Raths, Curragh, Co. Kildare
Co. Kildare |
Barrows
Somewhere on the Curragh, the great open plain of Co. Kildare long associated with horse racing and military training, a small earthwork sits partly disfigured by the trenches of soldiers who never knew, or perhaps never cared, what lay beneath their spades. The feature is a rath, a type of ringfort common across early medieval Ireland, typically comprising a raised interior platform enclosed by a bank and ditch. This particular example is modest in scale, the raised interior reaching about a metre in height and the enclosing ditch and berm measuring roughly fifteen metres across, with traces of a possible outer bank bringing the overall diameter to around twenty-two metres.

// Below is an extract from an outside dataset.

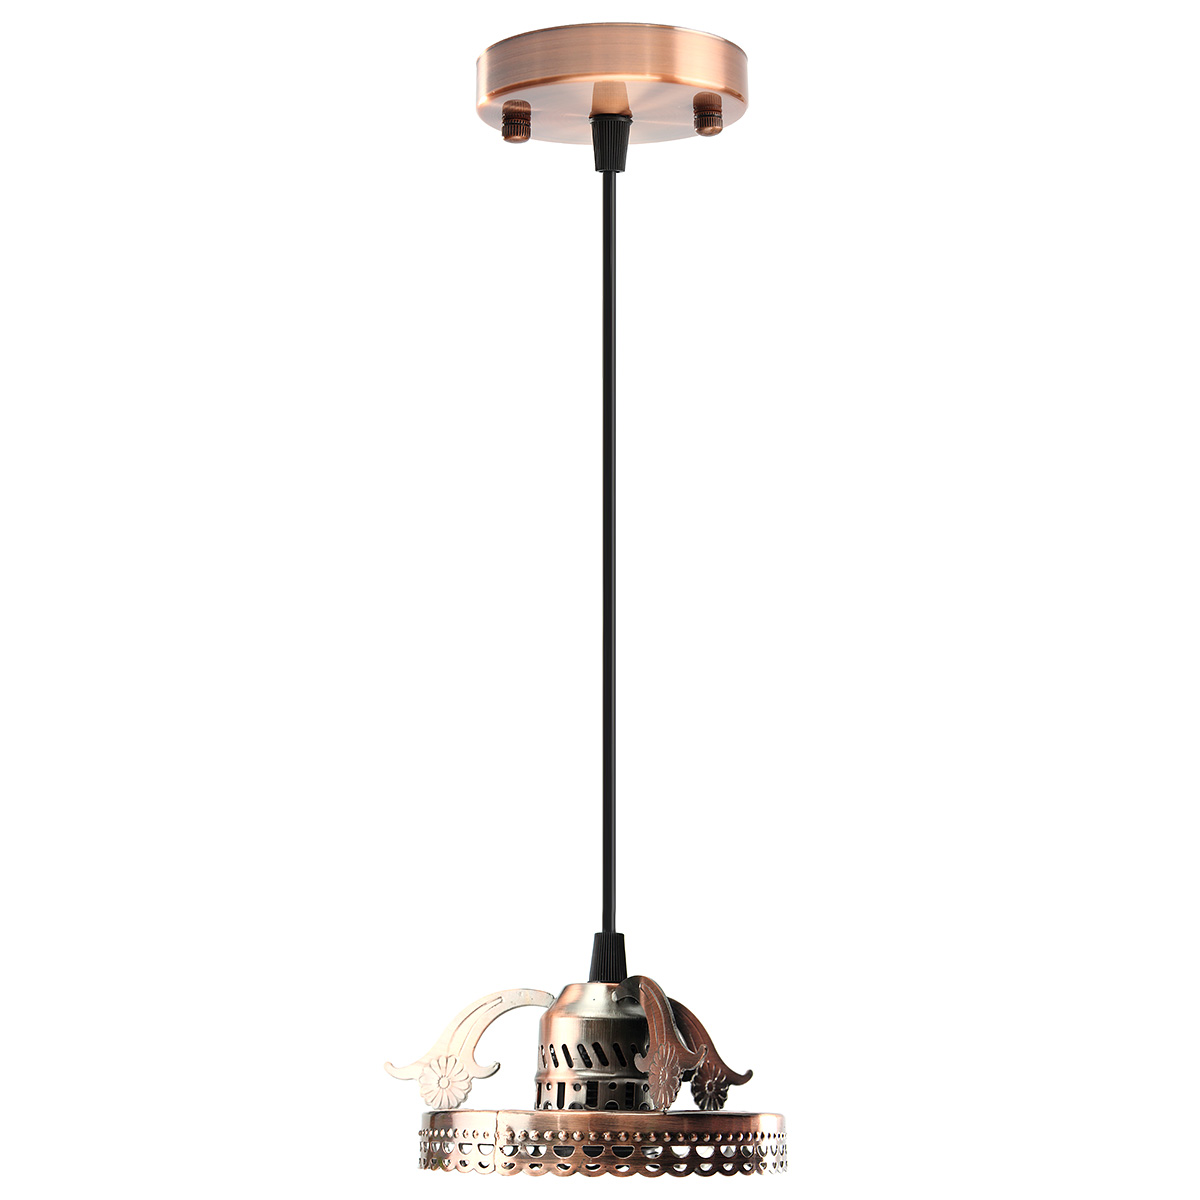 Antique-Industrial-Vintage-Ceiling-Pendant-Light-Lamp-Bulb-Chandelier-Fixture-For-Indoor-Lighting-1113882-3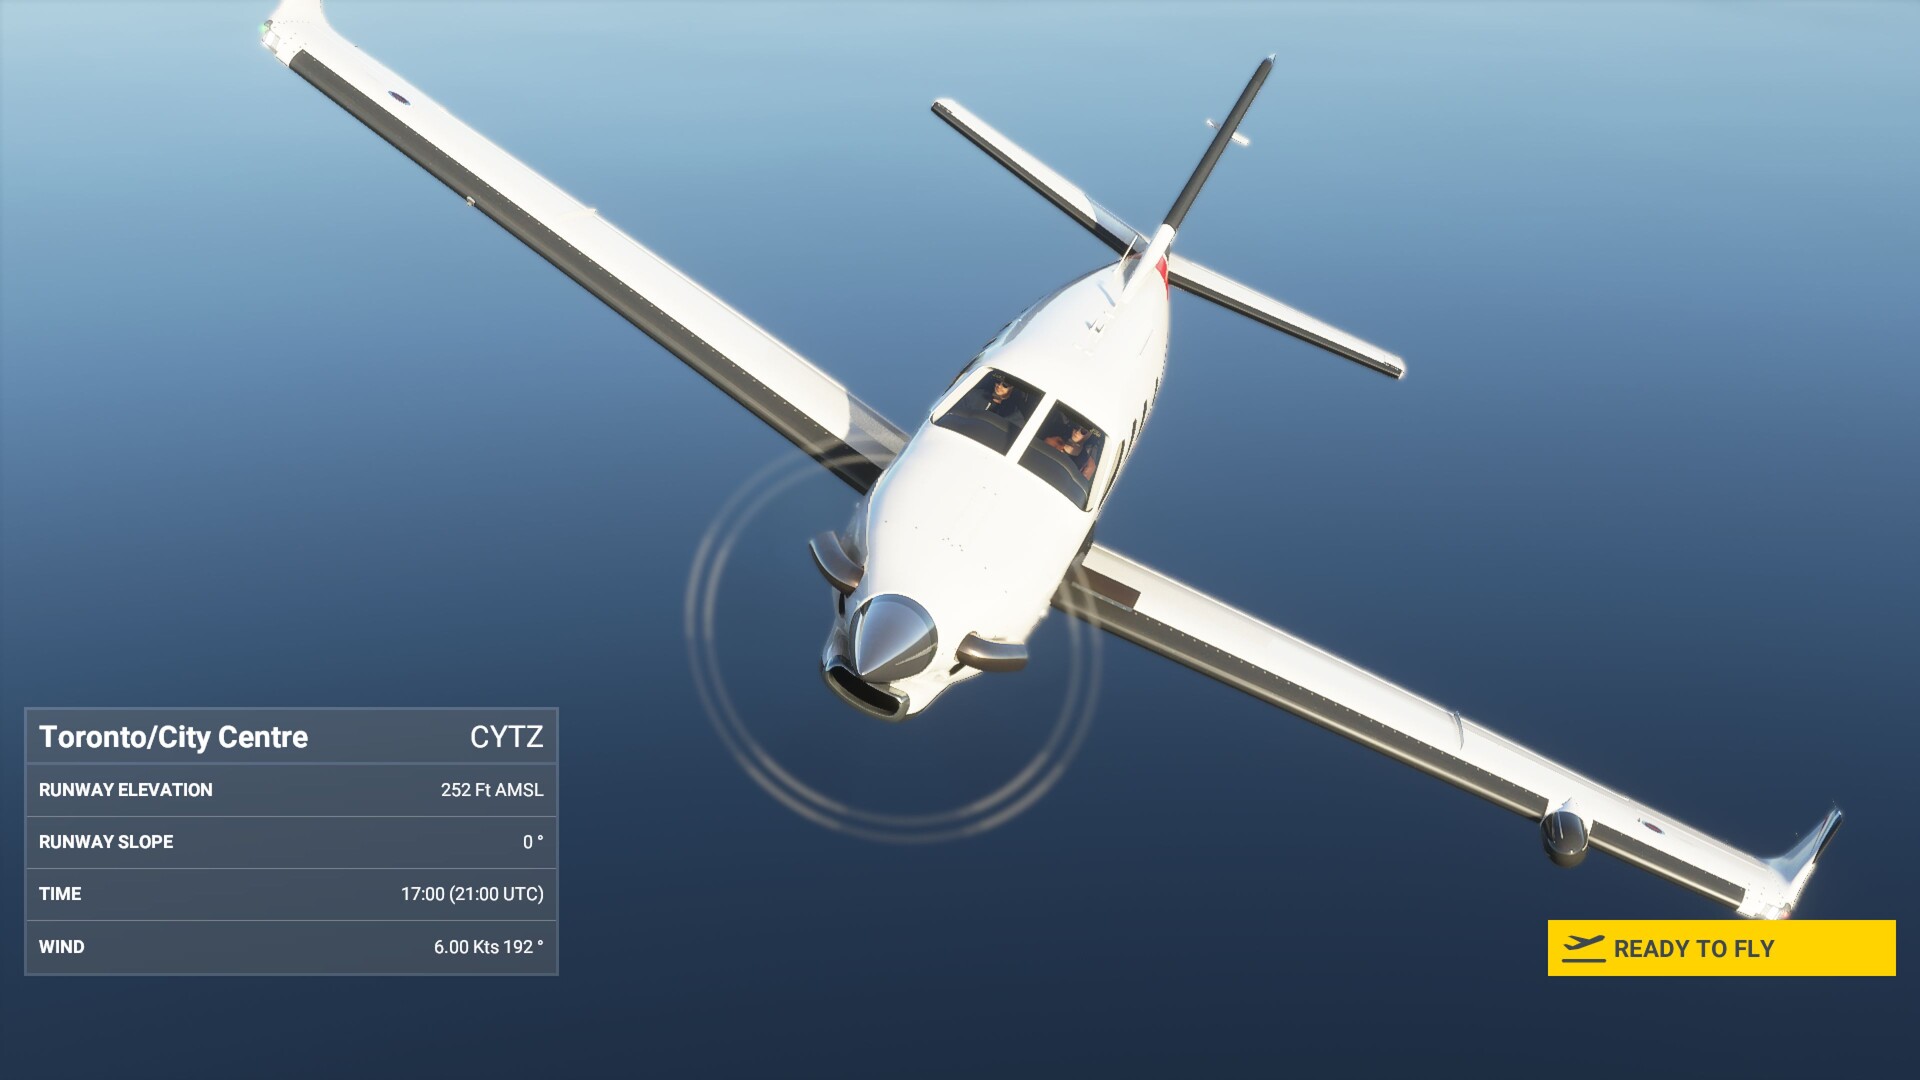 Microsoft Flight Simulator lands August 18 on PC - NotebookCheck

What lifts it out of the ordinary is what turned up when military earthworks cut through the western side of the site. Seán P. O'Riordáin, writing in 1950, noted that an L-shaped cutting made west of the centre produced bone fragments identified as human, specifically portions of the femora, the large thigh bone, belonging to at least two individuals. O'Riordáin recorded this as Site F, and included a scaled cross-section of the feature in his publication. Whether the remains were deliberately deposited, incidental to some other activity, or connected to the original construction or use of the rath cannot be said with certainty from what survives in the record. Ringforts were primarily enclosed farmsteads in early medieval Ireland, but human bone has turned up in and around such sites often enough to suggest that boundaries between the domestic and the funerary were sometimes blurry. The military disturbance at the west and north of this site means that whatever context once surrounded those bones is likely gone.